Scraping advertisements by mistake

SuspiciousLookingOwl / scrape-yt

Simple lib to scrape information from youtube such as search results, video information, related videos, playlist information and up next video

https://www.npmjs.com/package/scrape-yt

MIT License

9 stars 3 forks source link

Scraping advertisements by mistake #1

Closed KareemH closed 4 years ago

KareemH commented 4 years ago

Hey! Great web scraper btw, it's a great alternative to the youtube search api v3. I mainly use this web scraper to get the video id's of a certain search query (such as getting the video id of a music video)

I am making a web app that displays the music videos of old songs, and so far, your scraper allows me to successfully retrieve the video id. For example: So, url is basically the id of the first index of the results I get back from your module

However, sometimes the web scraper retrieves the url of an advertisement since it can accidentally scrape the first video (thinking that all videos in the search are going to be related to the video). Thus, I get something like this:

Is there a way to filter through the advertisements so that the results can strictly have an array of the related videos? Thanks!

SuspiciousLookingOwl commented 4 years ago

I'm not able to replicate. ef6d687ebc38b4b99dcef19a9f76ba139b823dfc might fix it though. Published the update to npm already (v1.0.5), you can update the package using npm udpate scrape-yt and try it again. Let me know if it still scrape advertisements

Just to be clear, is this from .search() or .getRelated()?

KareemH commented 4 years ago

Thank you so much! I will let you know if it works and inform you of any other issues :)

This is from .search() The parameters are the artist and title of a given song, so it's not like I knew the id beforehand

SuspiciousLookingOwl commented 4 years ago

Oh i thought it's .getRelated(), I didn't make any change to .search(). Can you reproduce it consistently like with certain search keyword? Or is it random?
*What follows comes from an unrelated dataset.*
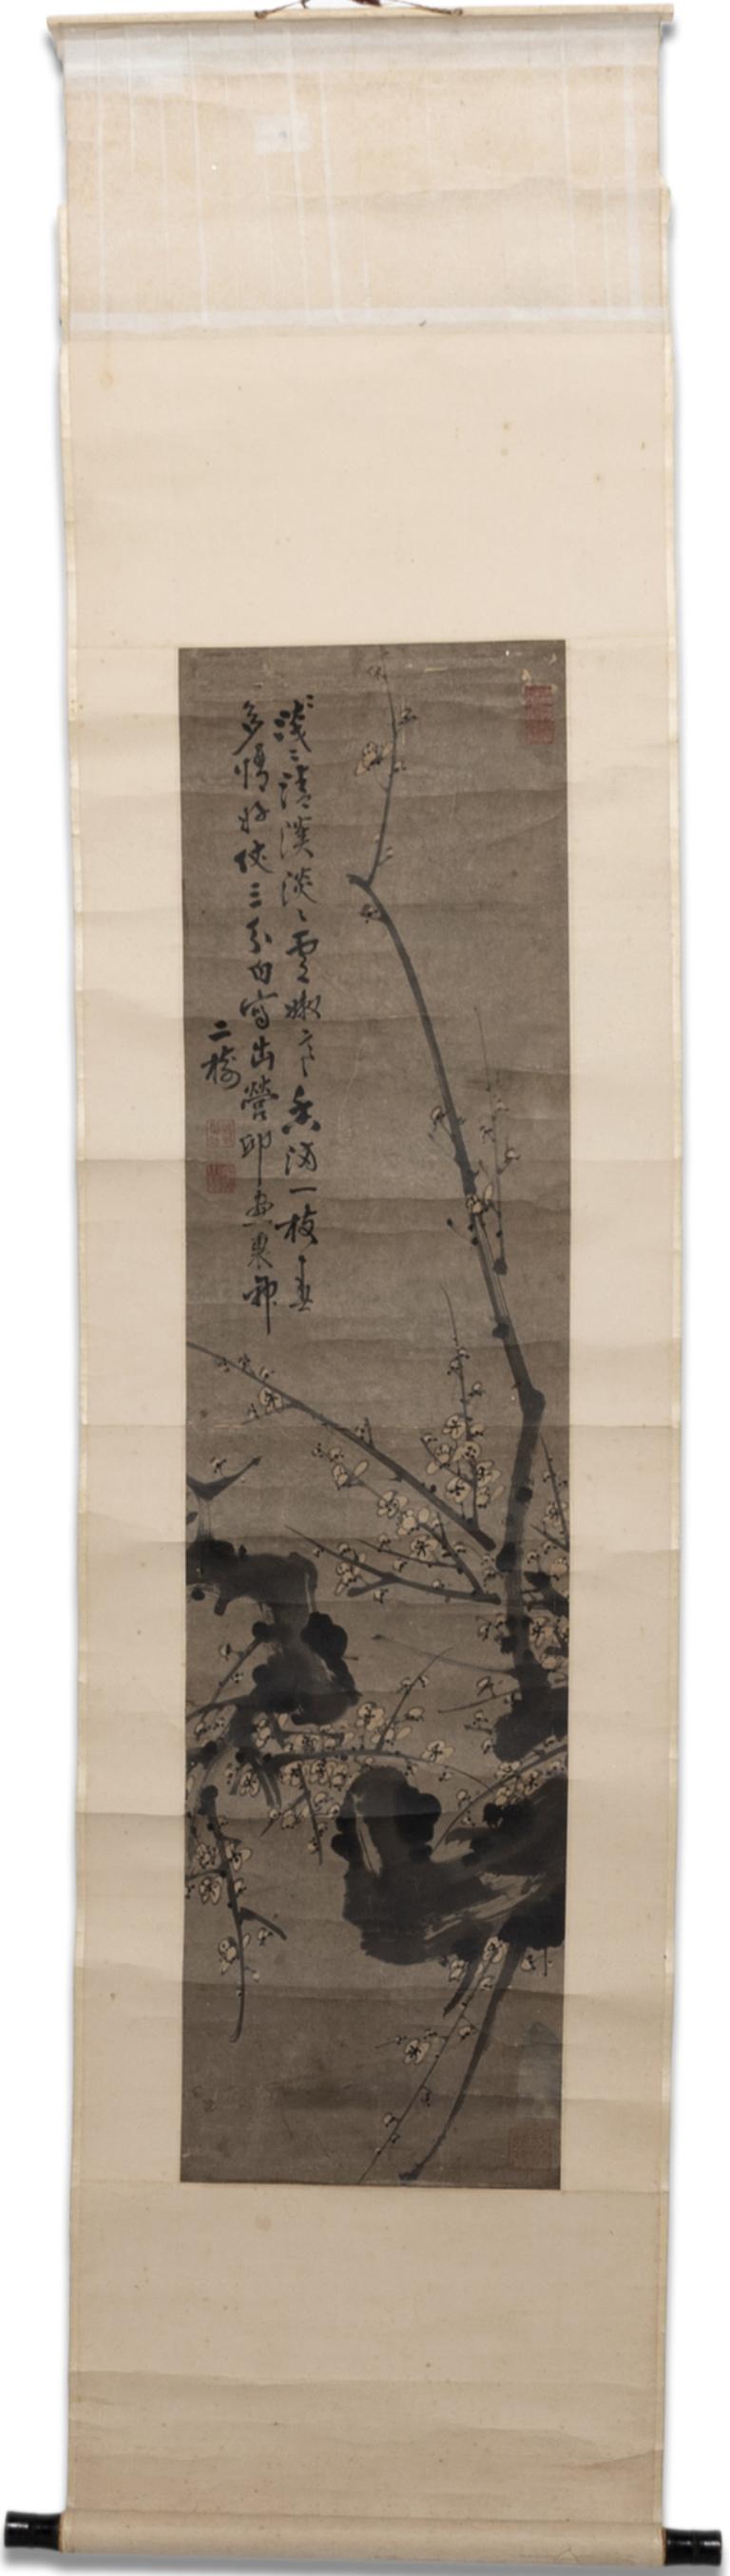 Figurative Art Tong Yu - ""Rouleau suspendu de branches de prunus"", encre sur papier, 1850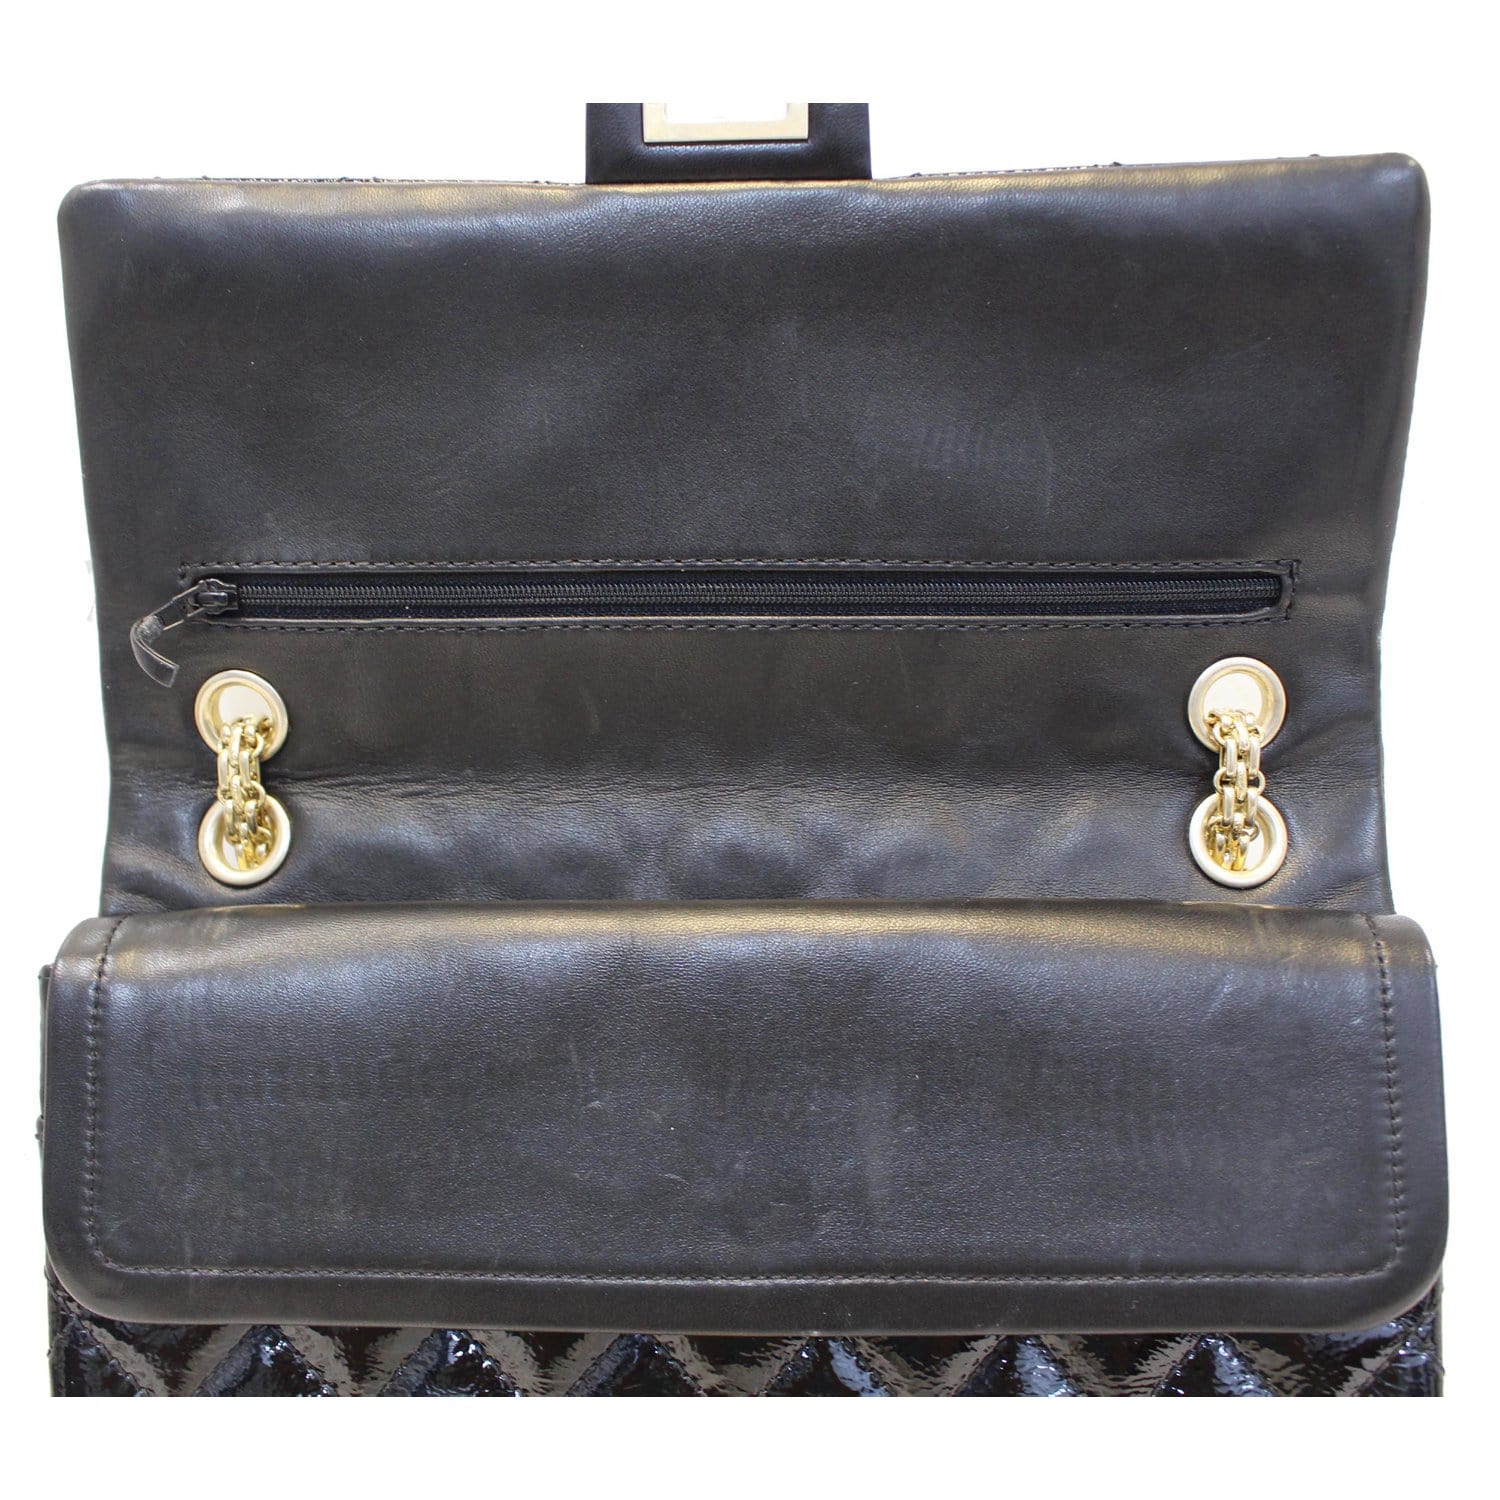 CHANEL Reissue Double Flap Patent Leather Shoulder Bag Black-US

KareemH commented 4 years ago

So, I don't think I can reproduce it consistently. For instance, the second time around, "Usher and Alicia Keys My Boo" as the search keyword then returns the proper video id referencing the song's actual music video.

I basically loop through an array of 240 songs and query to get the video Id of each song. For the most part, 230 songs get the right video id which is great. But 10 videos either get an advertisement as the id or I get Promise Unhandled Rejection: id is no defined.

So it is random because you never know which videos will have an ad in front of them (meaning the actual video is at index 1) or if the first result is the actual video (the index is 0)

I think I like search() so much because it's a query using keywords. This is more flexible than getRelated (or most web scrapers and youtube related API) that require the ids beforehand (which I don't know yet). Any fix is much appreciated!

SuspiciousLookingOwl commented 4 years ago

Okay i'm able to reproduce it consistently with "Learn spanish" keyword, fixing it right now.

SuspiciousLookingOwl commented 4 years ago

a421cd066eae881e29a969b7d84d7652c02c50f4 should fixed it, published the update to npm (v.1.0.7). Update the package and try it again.

I'm going to close this issue, feel free to open it again if the problem still persists.